Maintainability Test Coverage Build Status NPM Downloads

The package defines a simple public API to manage scans and their expectations.

Setup

npm i -s @sectester/scan

Usage

To start scanning your application, you have to create a ScanFactory as follows:

import { Configuration } from '@sectester/core';
import { ScanFactory } from '@sectester/scan';

const config = new Configuration({
  hostname: 'app.neuralegion.com'
});

const scanFactory = new ScanFactory(config);

To create a new scan, you have to define a target first (for details, see here):

import { Target } from '@sectester/scan';

const target = new Target({
  url: 'https://example.com'
});

The factory exposes the createScan method that returns a new Scan instance:

import { TestType } from '@sectester/scan';

const scan = await scanFactory.createScan({
  target,
  tests: [TestType.HEADER_SECURITY]
});

Below you will find a list of parameters that can be used to configure a Scan:

OptionDescription
targetThe target that will be attacked. For details, see here.
testsThe list of tests to be performed against the target application. Learn more about tests
repeaterIdConnects the scan to a Repeater agent, which provides secure access to local networks.
smartMinimize scan time by using automatic smart decisions regarding parameter skipping, detection phases, etc. Enabled by default.
skipStaticParamsUse an advanced algorithm to automatically determine if a parameter has any effect on the target system's behavior when changed, and skip testing such static parameters. Enabled by default.
poolSizeSets the maximum concurrent requests for the scan, to control the load on your server. By default, 10.
attackParamLocationsDefines which part of the request to attack. By default, body, query, and fragment.
slowEpTimeoutAutomatically validate entry-point response time before initiating the vulnerability testing, and reduce scan time by skipping any entry-points that take too long to respond. By default, 1000ms.
targetTimeoutMeasure timeout responses from the target application globally, and stop the scan if the target is unresponsive for longer than the specified time. By default, 5min.
nameThe scan name. The method and hostname by default, e.g. GET example.com.

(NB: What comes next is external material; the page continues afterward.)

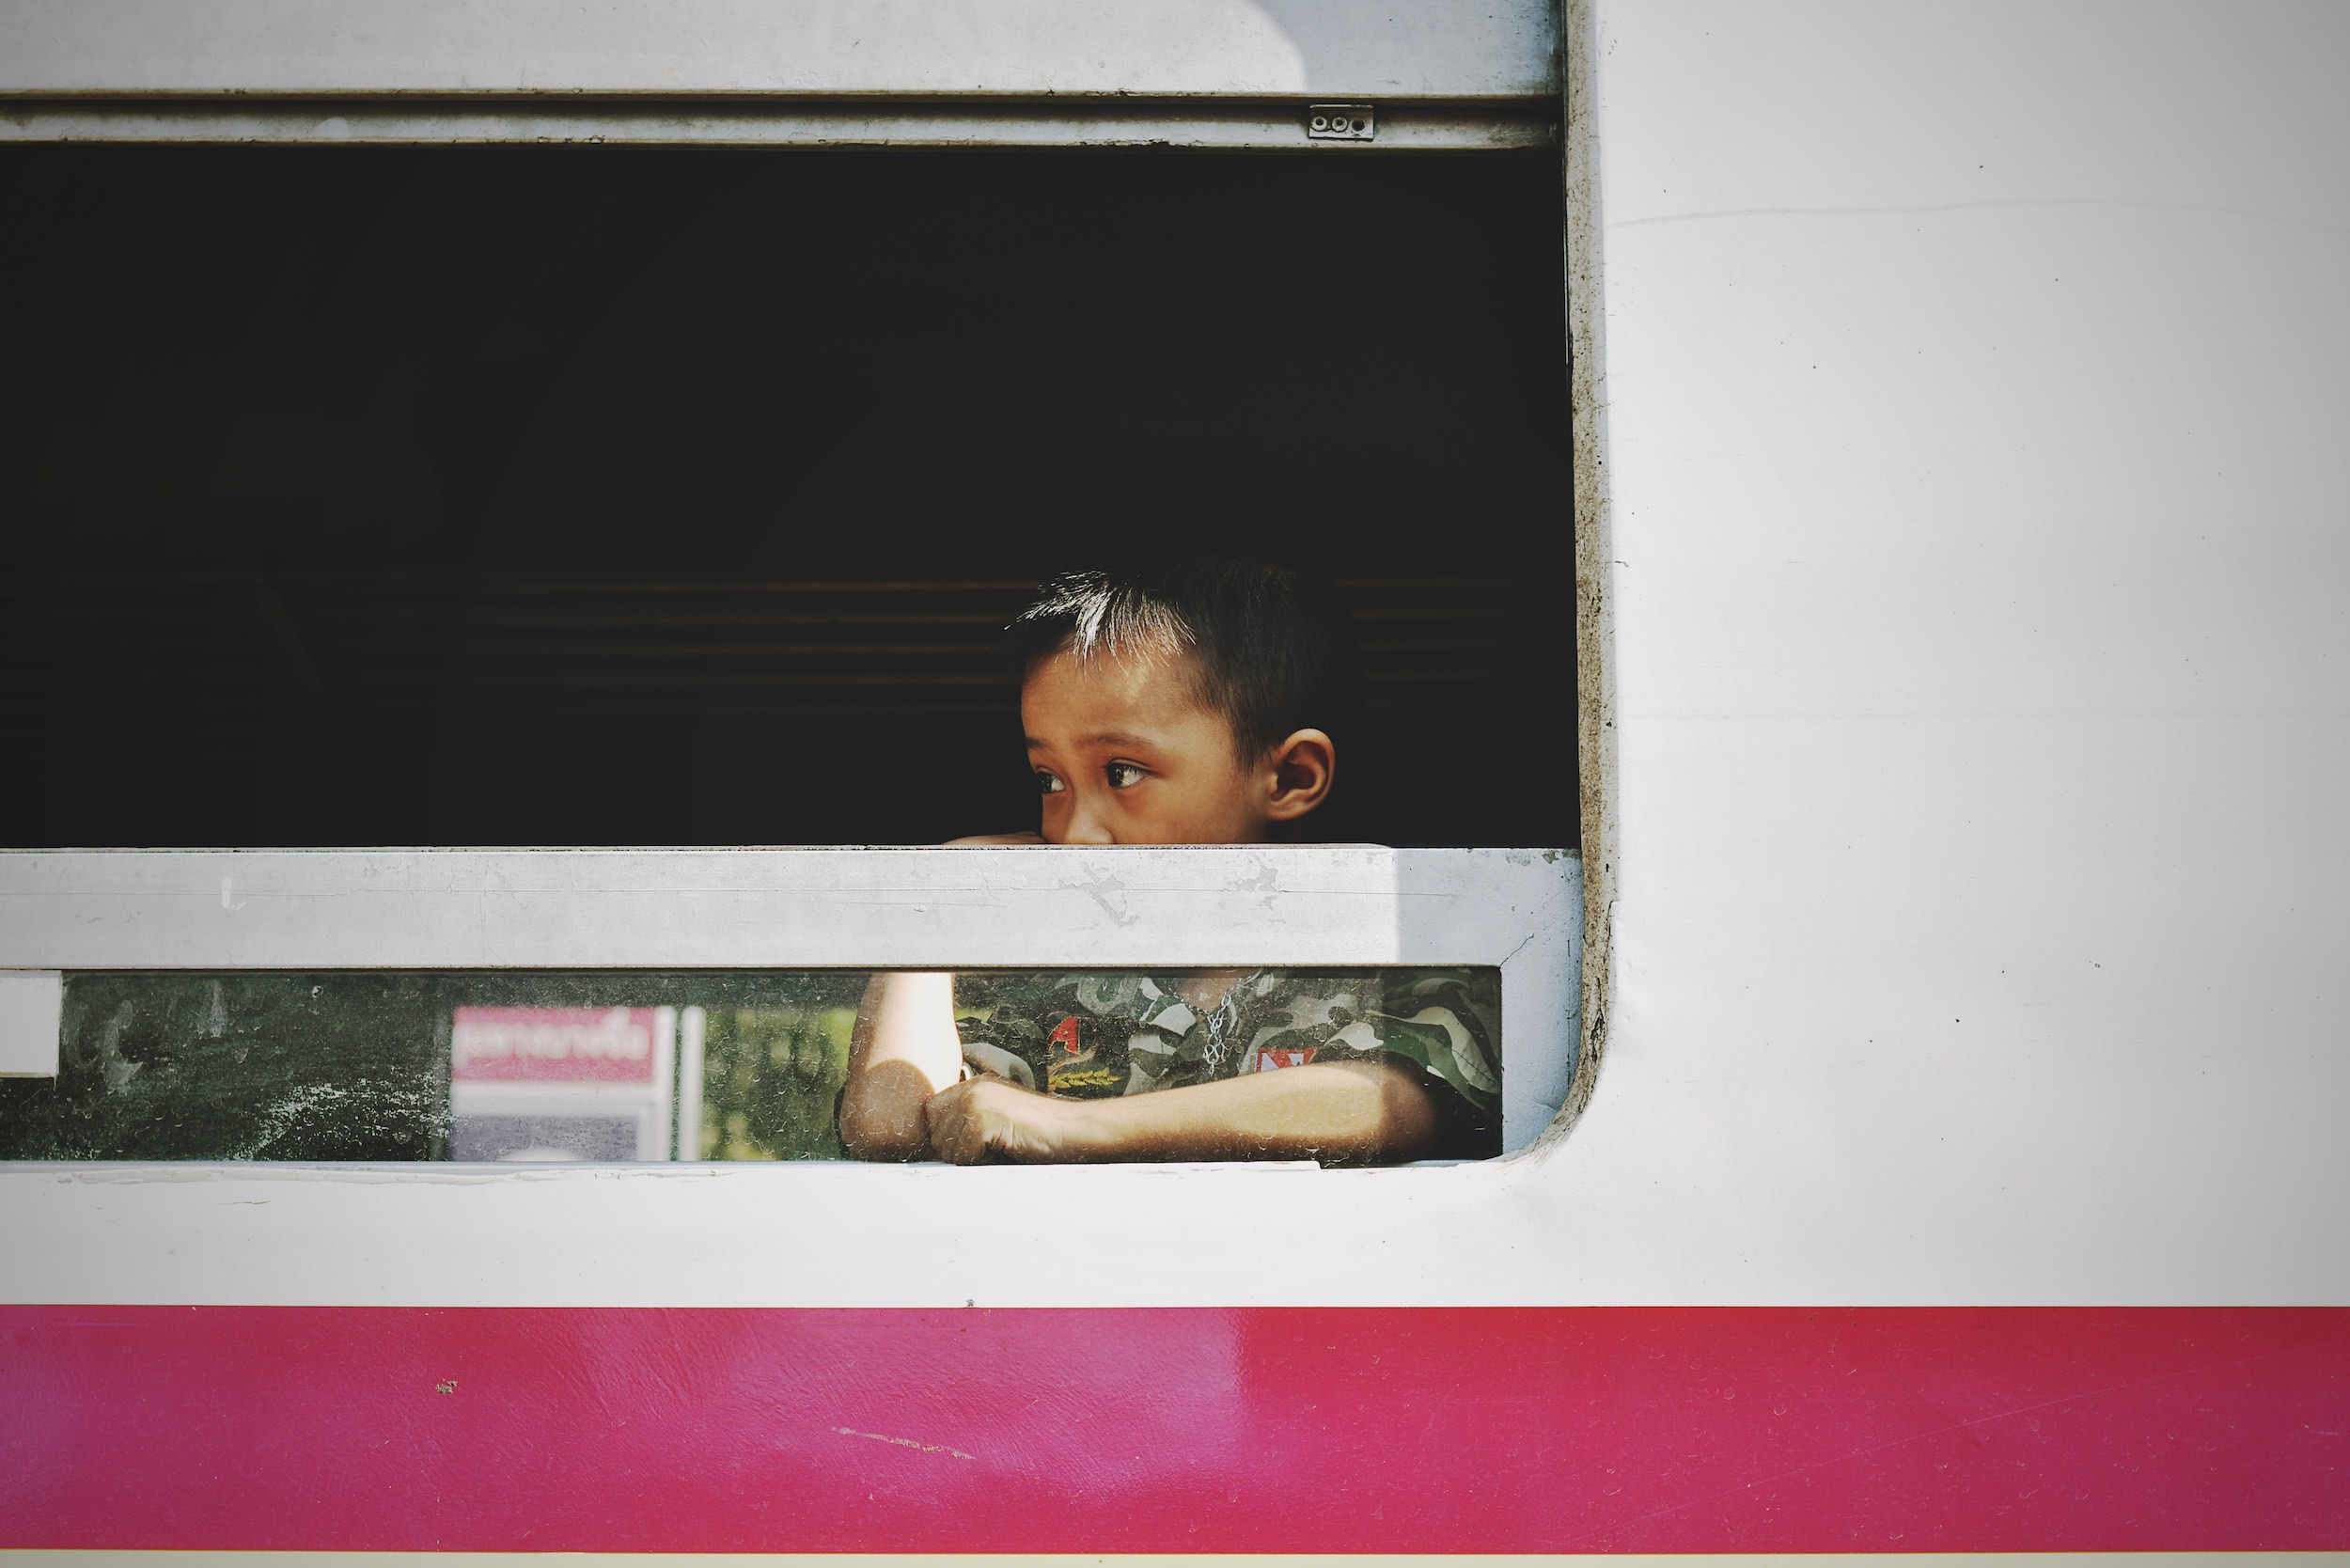 Bangkok_girl_on_train_travel_bangkok.jpg

Defining a target for attack

The target can accept the following options:

url

  • type: string

The server URL that will be used for the request. Usually the url represents a WHATWG URL:

import { Target } from '@sectester/scan';

const target = new Target({
  url: 'https://example.com'
});

If url contains a query string, they will be parsed as search params:

import { Target } from '@sectester/scan';

const target = new Target({
  url: 'https://example.com?foo=bar'
});

console.log(target.queryString); // foo=bar

If you pass a query parameter, it will override these which obtained from url:

import { Target } from '@sectester/scan';

const target = new Target({
  url: 'https://example.com?foo=bar',
  query: '?bar=foo'
});

console.log(target.queryString); // bar=foo

method

  • type: string | HttpMethod

The request method to be used when making the request, GET by default:

import { Target, HttpMethod } from '@sectester/scan';

const target = new Target({
  url: 'https://example.com',
  method: HttpMethod.DELETE
});

query

  • type: string | URLSearchParams | Record<string, string | string[]>

The query parameters to be sent with the request:

import { Target } from '@sectester/scan';

const target = new Target({
  url: 'https://example.com',
  query: {
    hello: 'world',
    foo: '123'
  }
});

console.log(target.queryString); // hello=world&foo=123

If you need to pass an array, you can do it using a URLSearchParams instance:

import { Target } from '@sectester/scan';

const target = new Target({
  url: 'https://example.com',
  query: new URLSearchParams([
    ['key', 'a'],
    ['key', 'b']
  ])
});

console.log(target.queryString); // key=a&key=b

This will override the query string in url.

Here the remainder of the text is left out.